Beware: Nano AdBlock's New Devs

[HenrickTheBull]

I recently got a notification from Edge alerting me that Nano was disabled due to malware and when I went to my extension this is what I saw.

The Chrome Webstore is completely gone too.

EDIT: Don't attack jspenguin2017 for this. I highly doubt they would have known this would happen.

[musm]

Same here

[pomi2137]

Uninstall, change all the passwords and spread the word.

[wadawada]

I feel the selling was very irresponsible and unethical behavior. Nano github said it would accept no donations before and changed the mind without notification. Should have pushed notification in the extension before the change of ownership so I can uninstall it on time to save my personal data.

Now I am notified by webstore and I have no idea how much of my data was stolen. I never thought the adblocker would be the security hole. Silver lining is I was gonna recommend nano adblocker to family and friends but I haven't.

[HenrickTheBull]

I feel the selling was very irresponsible and unethical behavior. Should have pushed notification in the extension before the change of ownership so I can uninstall it on time to save my personal data.

Now I am notified by webstore and I have no idea how much of my data was stolen. I never thought the adblocker would be the security hole. Silver lining is I was gonna recommend nano adblocker to family and friends but I haven't.

I had to issue a warning because in my Discord server we had a resources channel with a "Privacy Protection" section and we highly recommended Nano and Nano Defender. I wasn't aware of this UNTIL I got the Webstore Notification.

[sandsmark]

fwiw, since devtools detection was what stopped gorhill from testing further, I'm fairly certain this kills all detection of devtools (even the latest debug tricks), as well as incognito detection (safer to debug it in incognito, not sure if they try to detect that though): https://github.com/sandsmark/anti-anti-devtools/blob/master/script.js

[cocacrave]

Got the warning from Chrome Extension just now. Read about it. Now I'm Scared AF...

I'm not sure if this is the place for this question so I'm sorry if I'm in the wrong place... Q. I only copy and paste password from KeePass (Password Manager). Does that still mean my passwords are compromised?

[wadawada]

This is a disaster now. I am just checking my Instagram's Settings/Account/Posts You've Liked And notice I liked many things that I am not aware of. God knows what all of my accounts have done. This is the worst security hole I have encountered. Wondering what people's data was worth.

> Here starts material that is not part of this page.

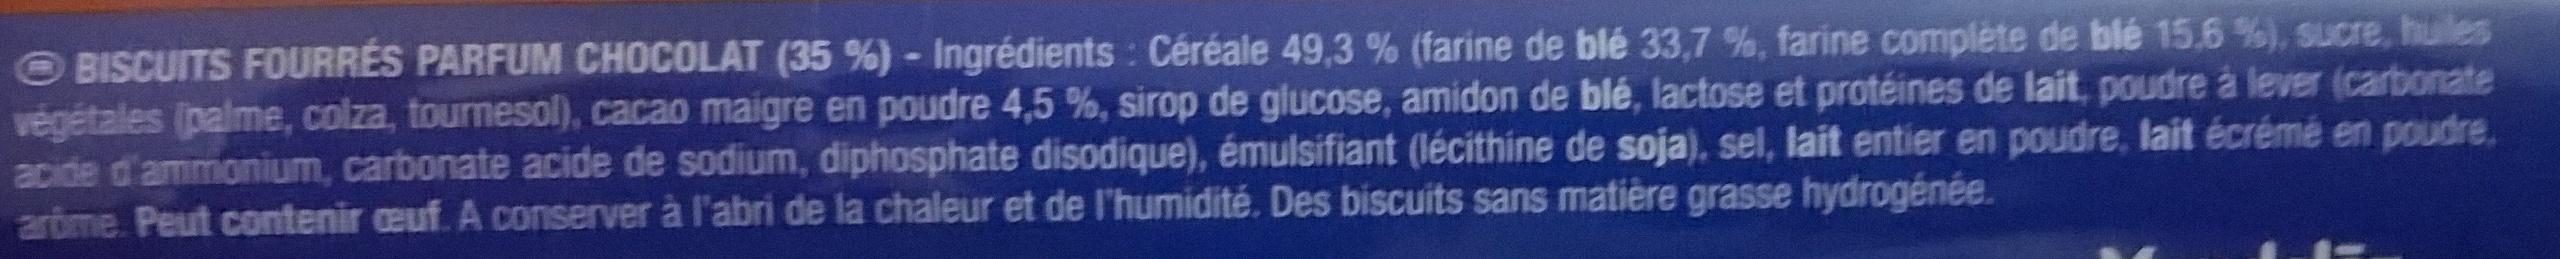 Prince goût Chocolat - Ingrediënten - fr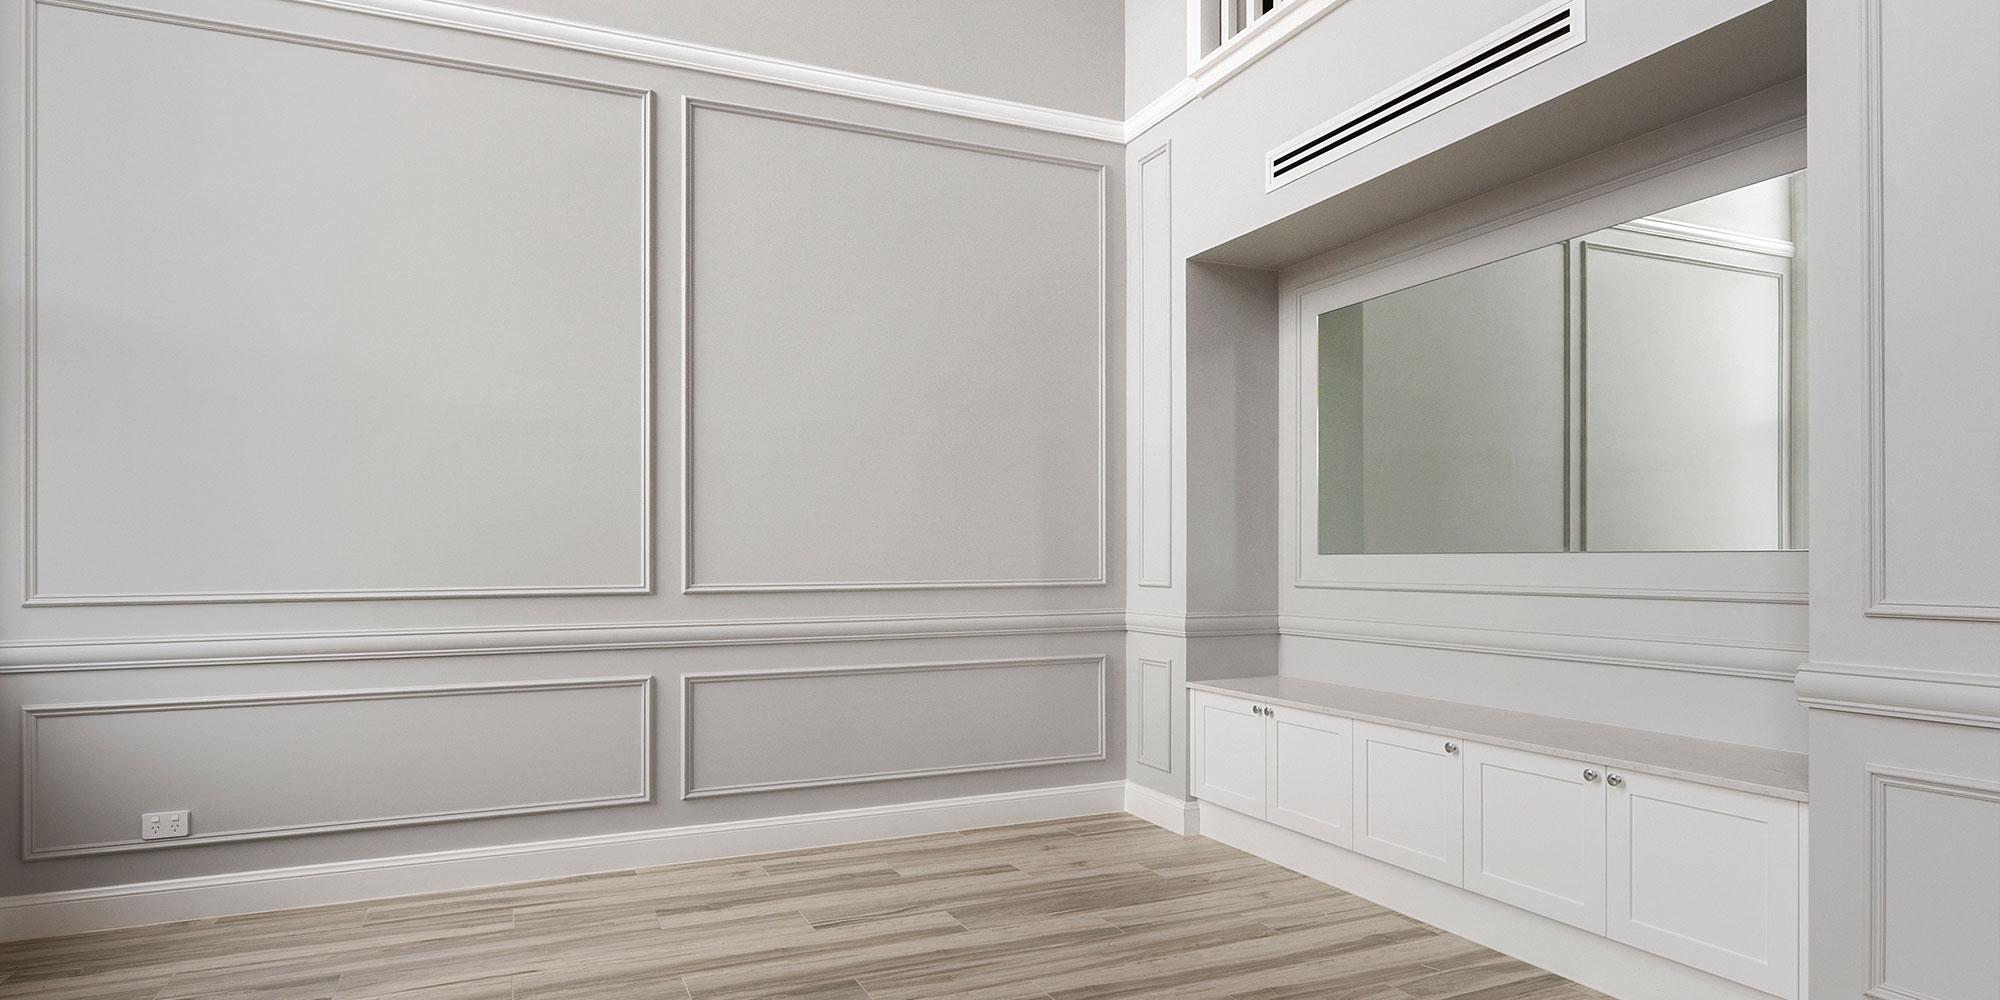 interiors-1k-7

Imagine this can happen again easily with other extensions. I believe this is something that webstore has to improve.

https://www.reddit.com/r/Adblock/comments/jc447f/nano_adblocker_nano_defender_was_sold_and_should/ https://www.ghacks.net/2020/10/16/time-to-remove-nano-adblocker-and-defender-from-your-browsers-except-firefox/

[yenhanshih]

Consider anything and everything compromised. On page load, your browser will listen to an URL and recieve directions on what to send up to it. It can send anything from plain text passwords to access tokens. I'll be changing all my credentials tonight and invalidating all my logins.

[painor]

So what's the alternative now ?

[HenrickTheBull]

So what's the alternative now ?

I'm recommending going to uBlock Origin. Their team has been very good keeping things above board and that's what Nano was based on.

[pomi2137]

Got the warning from Chrome Extension just now. Read about it. Now I'm Scared AF...

I'm not sure if this is the place for this question so I'm sorry if I'm in the wrong place... Q. I only copy and paste password from KeePass (Password Manager). Does that still mean my passwords are compromised?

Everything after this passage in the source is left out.